Rating: 4/5
Celie is a single mother, exhausted by long hours. Her job requires she give up time with her daughter, Lila, who feels neglected. She is a nurturing, empathetic presence in delivery rooms.
Rose is matter-of-fact, uncaring of her coworkers’ emotions or child problems. She is not without ethics. She doesn’t know how to navigate them sensitively.
Rose goes to the bar and, under the pretense of a handjob, collects a man’s sperm and a blood sample.
At home, she feeds her pet pig, Muriel, some asparagus and gives Muriel a blood transfusion. She then takes the semen sample and inseminates herself.
Celie goes to pick up Lila at her friend’s, but her friend and Lila are missing.
Lila comes into the morgue, having died of bacterial meningitis. Rose notes that organ failure may have occurred before brain death.
Celie tries to see her daughter’s body, but Rose tells her it isn’t there. She follows Rose home, and finds Lila there. Alive.
— Your child's genetic makeup made her an ideal candidate for an experimental procedure I'm working on. — For meningitis? — For death.
This film does a remarkable job of drawing you into its established reality. The progression is logical, and the characters’ subjective motives make sense.

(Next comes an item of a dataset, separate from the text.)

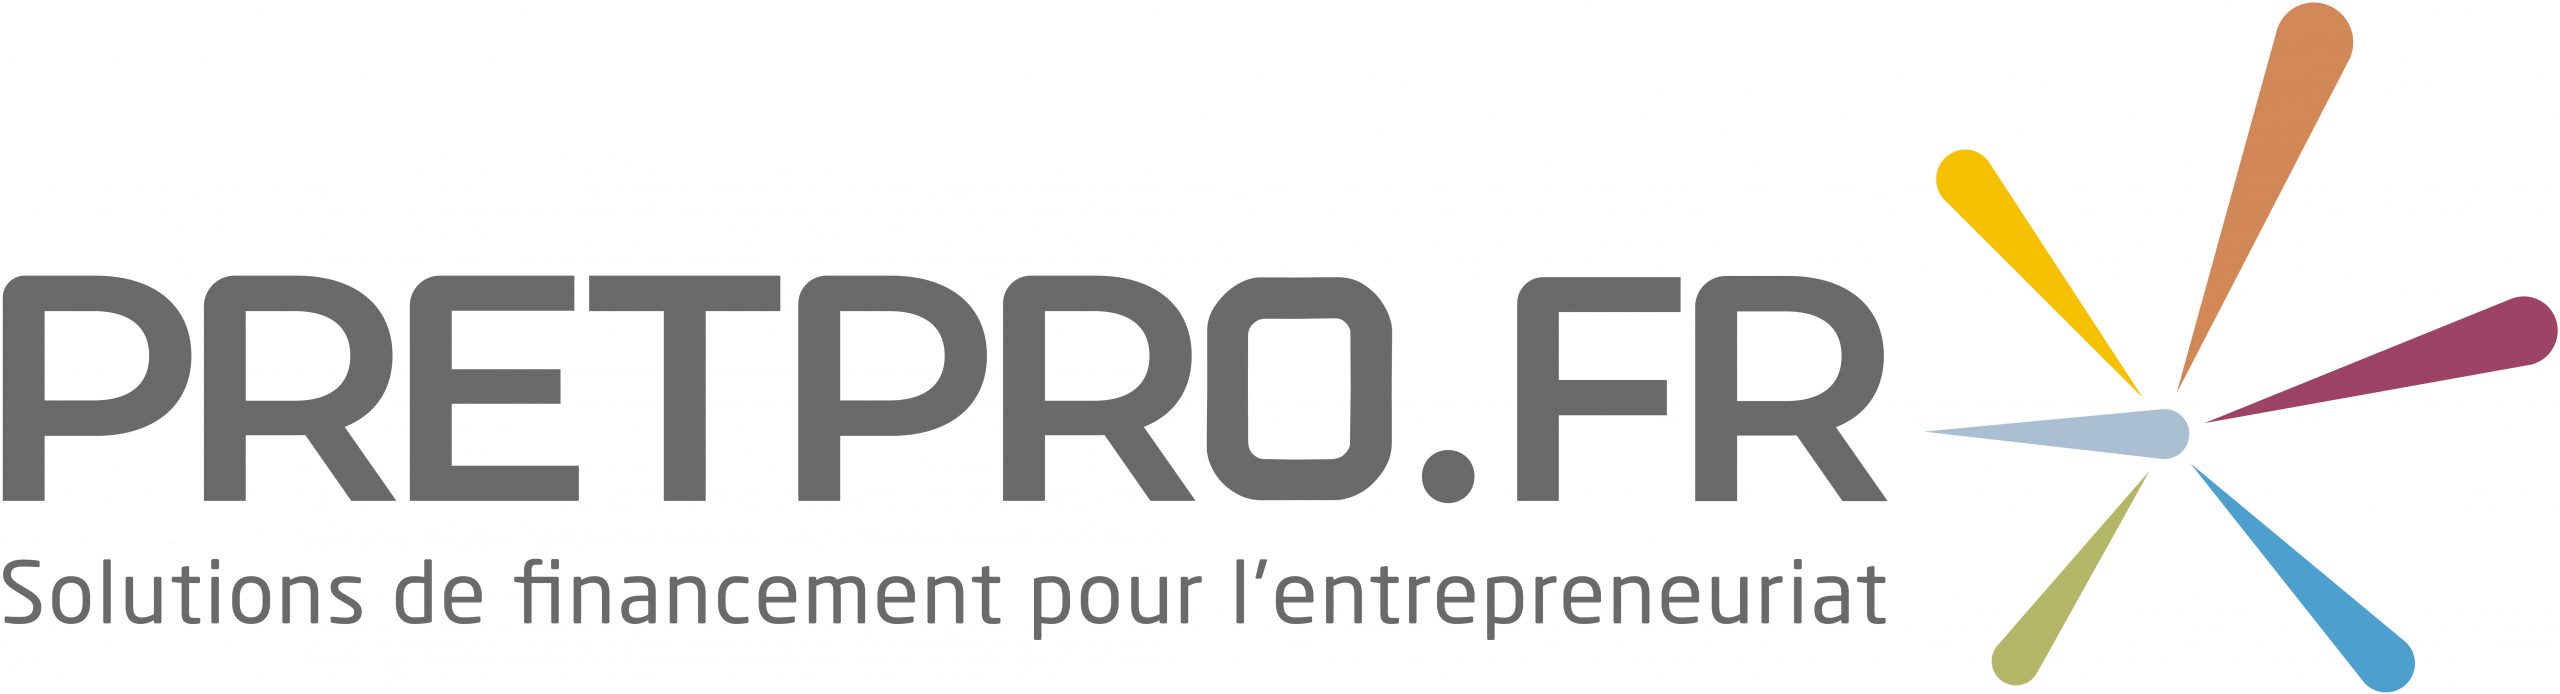 Pretpro.fr – Hauts-de-france

Rose and Celie both having a medical background helps tremendously. They don’t have to waste time explaining basic procedures, and their experience pairs well — Rose can handle the medical details, and Celie can perform the nursing routines for comatose patients. And when it comes down to it, they are both practical people.
Marin Ireland is so funny in this. She has a Herbert West intensity that drew me in.
Judy Reyes takes a wild premise and finds a human character. Her heart grounded this and warmed my heart.
The film explores the physical and psychological cost of motherhood and pregnancy.
The mistake the movie makes is the direction it takes with Lila. I won’t spoil anything, but it mixes up what is otherwise a potent metaphor.
Medical horror makes me quite uncomfortable, so this left me squirming throughout.
I wasn’t expecting to like this so much, but it got to me!